Your goal:
The response should consist solely of the lines running from the line with "Cala Gonone Tourist" to the end of the data, retyped exactly.

Task inputs:
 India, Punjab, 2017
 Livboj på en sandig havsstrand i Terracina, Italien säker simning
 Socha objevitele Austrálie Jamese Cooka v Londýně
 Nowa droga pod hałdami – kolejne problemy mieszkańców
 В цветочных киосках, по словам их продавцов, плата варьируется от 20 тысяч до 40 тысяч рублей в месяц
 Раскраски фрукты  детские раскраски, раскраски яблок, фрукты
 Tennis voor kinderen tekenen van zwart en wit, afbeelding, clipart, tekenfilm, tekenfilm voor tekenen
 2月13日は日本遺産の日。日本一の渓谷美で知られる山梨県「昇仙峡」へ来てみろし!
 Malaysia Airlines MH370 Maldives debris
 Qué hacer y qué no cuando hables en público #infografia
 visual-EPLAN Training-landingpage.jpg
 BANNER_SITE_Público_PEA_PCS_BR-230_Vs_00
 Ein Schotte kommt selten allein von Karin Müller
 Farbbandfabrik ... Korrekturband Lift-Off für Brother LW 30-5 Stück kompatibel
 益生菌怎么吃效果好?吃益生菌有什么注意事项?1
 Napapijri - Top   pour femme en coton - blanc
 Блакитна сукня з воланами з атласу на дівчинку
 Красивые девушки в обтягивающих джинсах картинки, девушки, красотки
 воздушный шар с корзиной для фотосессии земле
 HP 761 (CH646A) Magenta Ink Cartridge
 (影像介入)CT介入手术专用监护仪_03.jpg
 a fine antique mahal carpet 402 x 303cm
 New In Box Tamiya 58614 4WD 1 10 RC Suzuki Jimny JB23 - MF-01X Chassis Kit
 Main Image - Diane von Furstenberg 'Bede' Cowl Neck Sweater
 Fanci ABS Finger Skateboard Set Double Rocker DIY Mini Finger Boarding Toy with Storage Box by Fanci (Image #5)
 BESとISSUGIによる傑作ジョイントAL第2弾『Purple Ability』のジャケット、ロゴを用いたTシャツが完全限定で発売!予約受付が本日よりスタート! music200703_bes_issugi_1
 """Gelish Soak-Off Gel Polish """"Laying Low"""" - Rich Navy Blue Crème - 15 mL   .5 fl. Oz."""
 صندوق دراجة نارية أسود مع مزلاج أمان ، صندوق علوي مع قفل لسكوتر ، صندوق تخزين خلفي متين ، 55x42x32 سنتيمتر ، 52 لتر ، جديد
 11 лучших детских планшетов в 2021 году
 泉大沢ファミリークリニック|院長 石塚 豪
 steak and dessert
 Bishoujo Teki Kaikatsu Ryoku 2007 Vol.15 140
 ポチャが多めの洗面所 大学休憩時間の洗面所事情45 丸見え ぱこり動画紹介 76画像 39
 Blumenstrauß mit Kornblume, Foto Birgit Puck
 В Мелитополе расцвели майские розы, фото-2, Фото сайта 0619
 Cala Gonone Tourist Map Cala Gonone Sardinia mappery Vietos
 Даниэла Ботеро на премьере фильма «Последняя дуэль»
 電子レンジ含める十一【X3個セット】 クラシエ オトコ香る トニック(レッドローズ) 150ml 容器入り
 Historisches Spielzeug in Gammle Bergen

Reply:
 Cala Gonone Tourist Map Cala Gonone Sardinia mappery Vietos
 Даниэла Ботеро на премьере фильма «Последняя дуэль»
 電子レンジ含める十一【X3個セット】 クラシエ オトコ香る トニック(レッドローズ) 150ml 容器入り
 Historisches Spielzeug in Gammle Bergen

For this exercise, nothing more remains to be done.